In the field of medical imaging, AI-assisted techniques such as object detection, segmentation, and classification are widely employed to alleviate the workload of physicians and doctors. However, single-task models are predominantly used, overlooking the shared information across tasks. This oversight leads to inefficiencies in real-life applications. In this work, we propose MTMed3D, a novel end-to-end Multi-task Transformer-based model to address the limitations of single-task models by jointly performing 3D detection, segmentation, and classification in medical imaging. Our model uses a Transformer as the shared encoder to generate multi-scale features, followed by CNN-based task-specific decoders. The proposed framework was evaluated on the BraTS 2018 and 2019 datasets, achieving promising results across all three tasks, especially in detection, where our method achieves better results than prior works. Additionally, we compare our multi-task model with equivalent single-task variants trained separately. Our multi-task model significantly reduces computational costs and achieves faster inference speed while maintaining comparable performance to the single-task models, highlighting its efficiency advantage.

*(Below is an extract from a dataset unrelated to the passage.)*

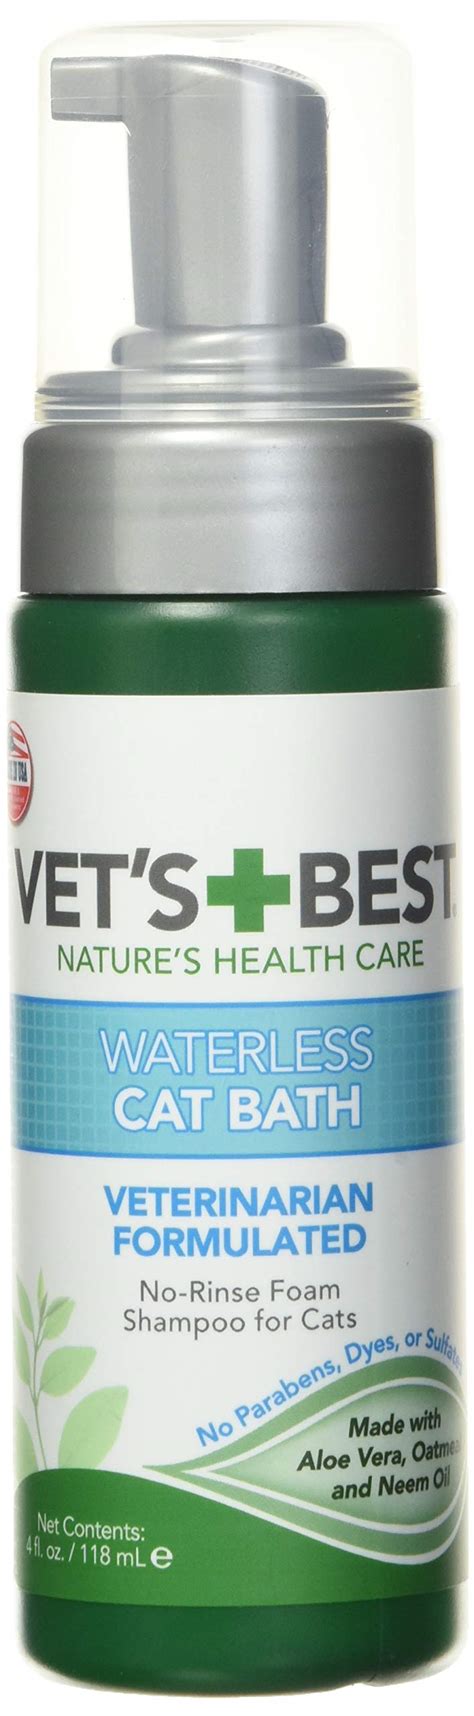 vet s best waterless cat bath no rinse waterless dry shampoo for cats natural formula 4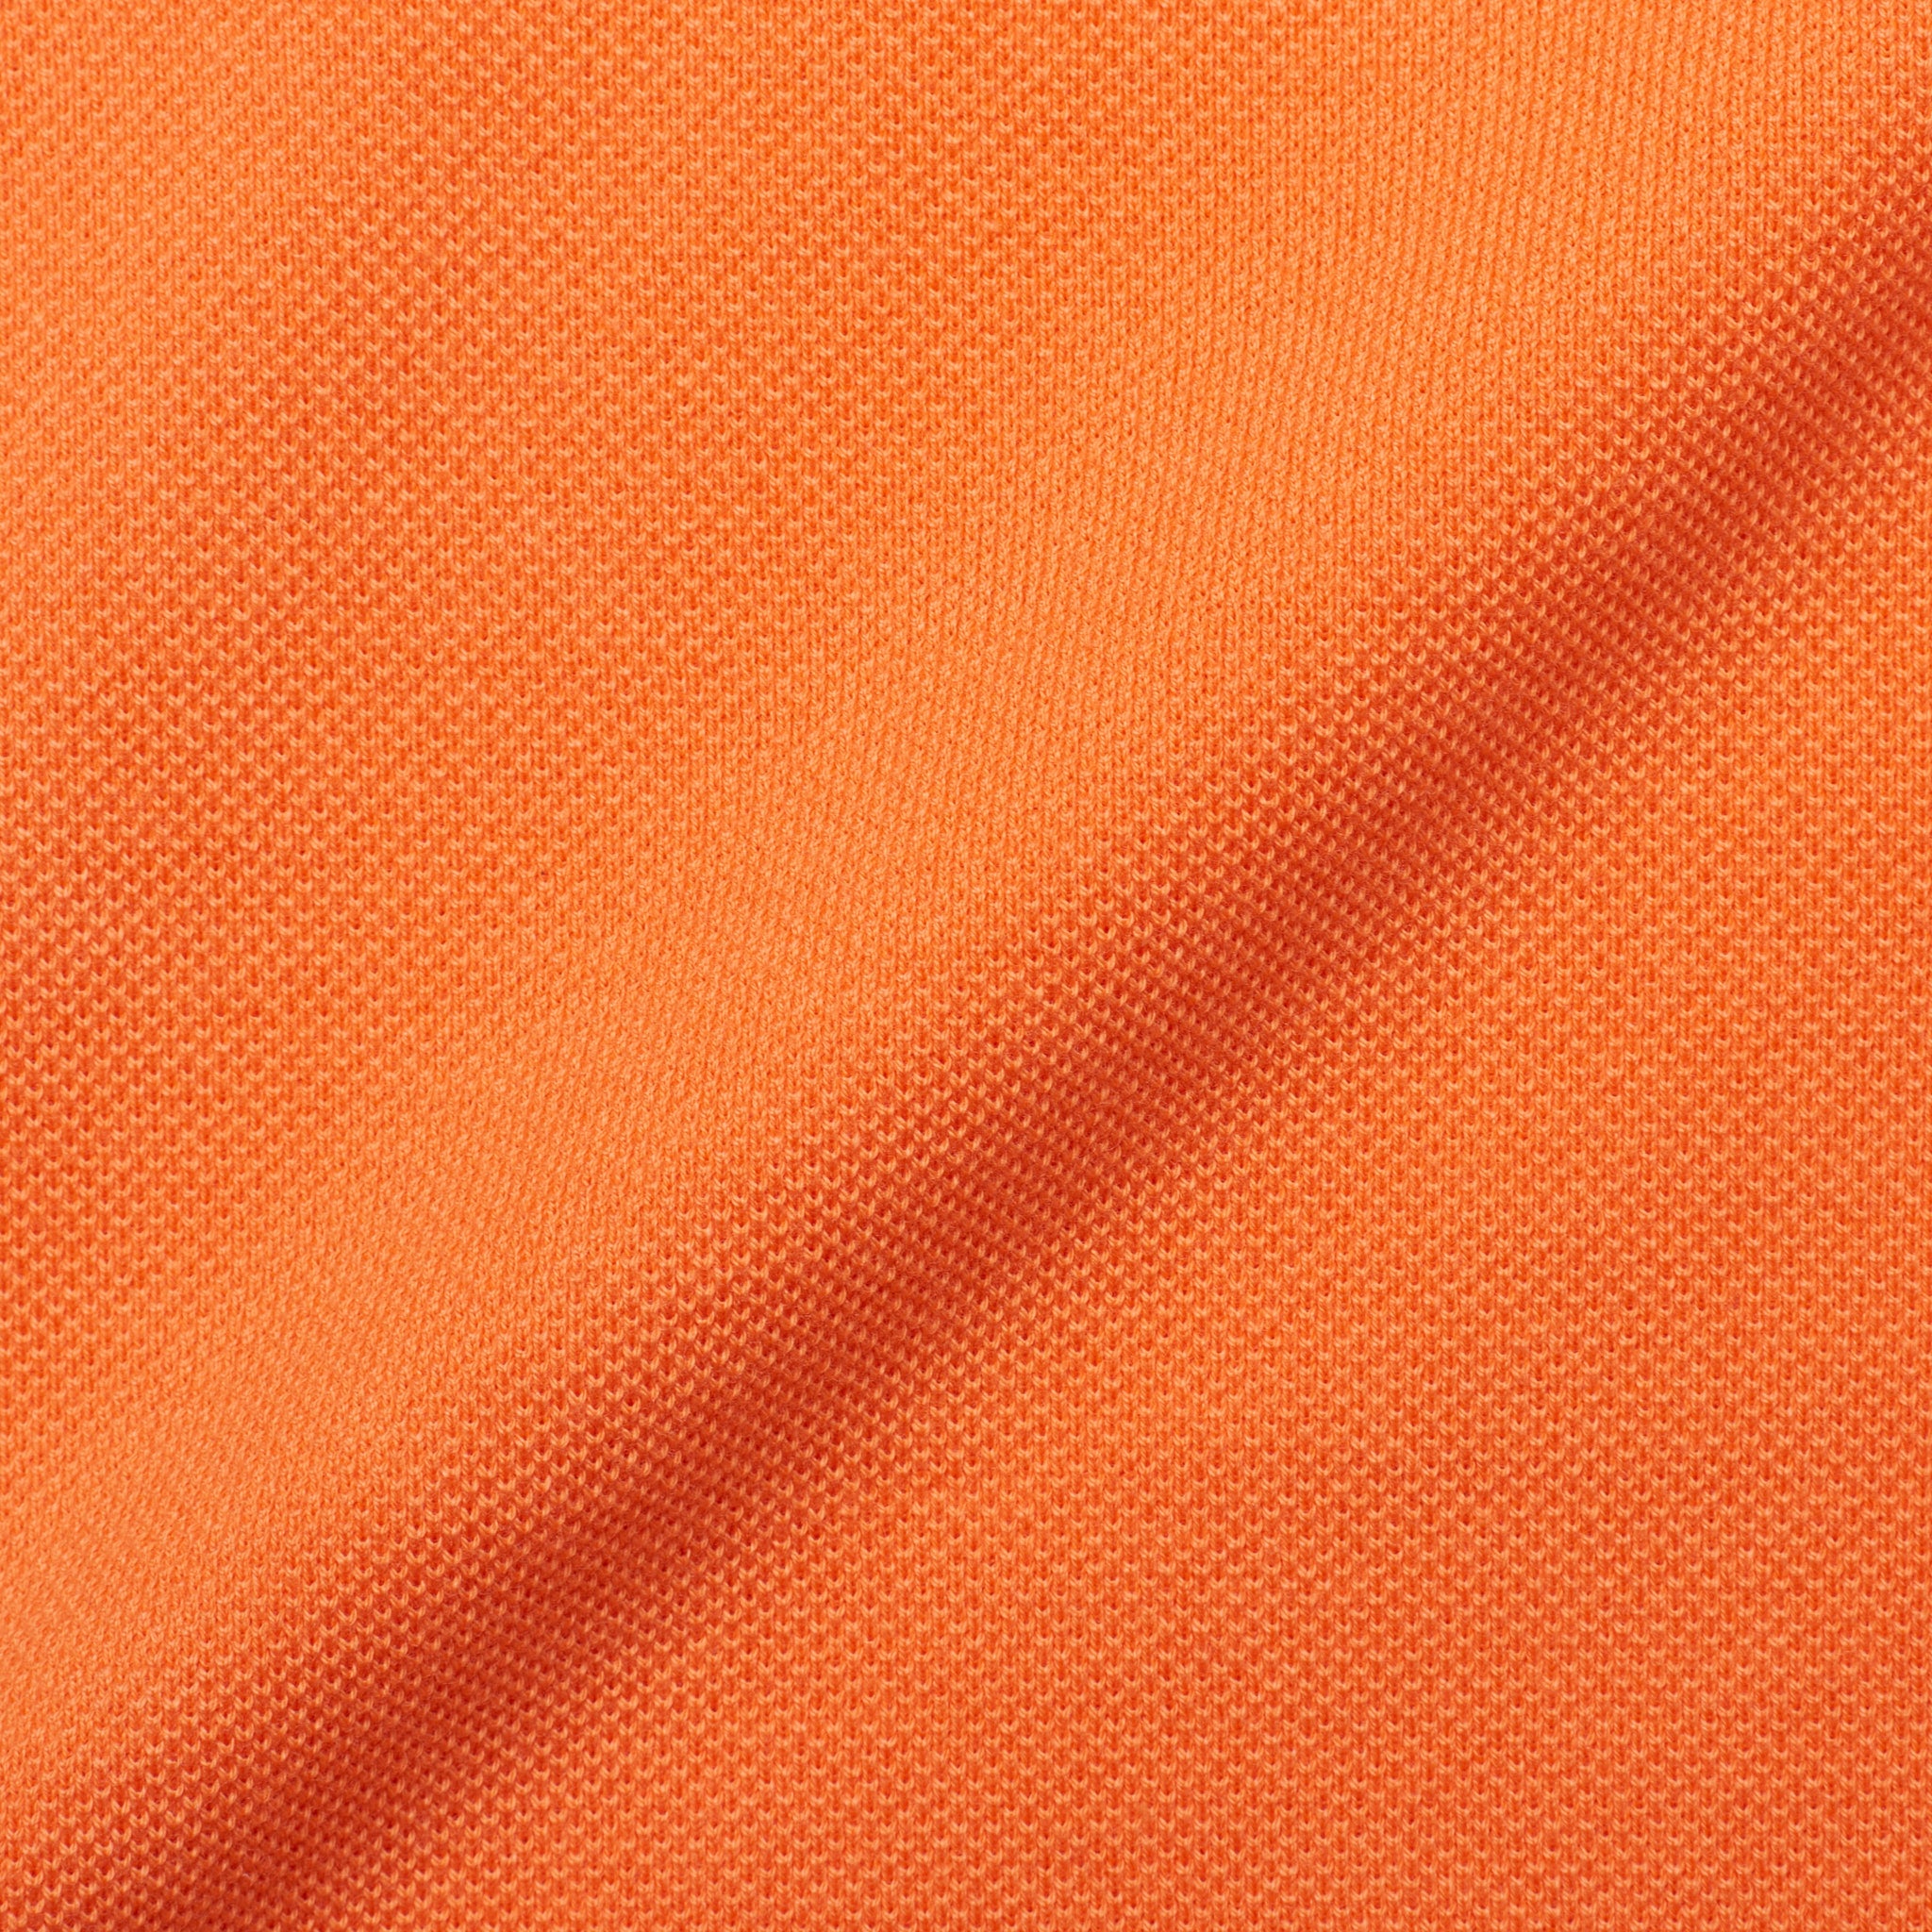 FEDELI "North" Neon Orange Cotton Pique Short Sleeve Polo Shirt EU 50 NEW US M FEDELI

To the best of our knowledge, this is the first work to leverage Transformers for multi-task learning that simultaneously covers detection, segmentation, and classification tasks in 3D medical imaging, presenting its potential to enhance diagnostic processes. The code is available at https://github.com/fanlimua/MTMed3D.git.

Paper Structure

This paper contains 27 sections, 9 equations, 4 figures, 6 tables.

Figures (4)

  • Figure 1: Overview of MTMed3D: (a) Swin Transformer-based encoder, (b) Segmentation Decoder, (c) Classification Decoder, (d) Detection Decoder. The input to our model is 3D multi-modal MRI images with 4 channels. The data first passes through a shared Swin Transformer-based encoder and then flows through three task decoders to generate results for all three tasks.
  • Figure 2: Detection Network: (a) Swin Transformer-based encoder, (b) FPN, (b) + (c) PANet, (d) Subnets for final box prediction are composed of Convs, GroupNorm, and ReLU.
  • Figure 3: Segmentation Network: The Swin Transformer-based encoder and CNN-based decoder form a U-shape segmentation network.
  • Figure 4: Qualitative results for MTMed3D: The top row represents the Ground Truth, while the bottom row shows the outputs of MTMed3D. The left three columns depict HGG samples, representing three brain directions, and the right three columns show LGG samples. Red indicates the Tumor Core, green represents the Whole Tumor, and blue denotes the Enhanced Tumor.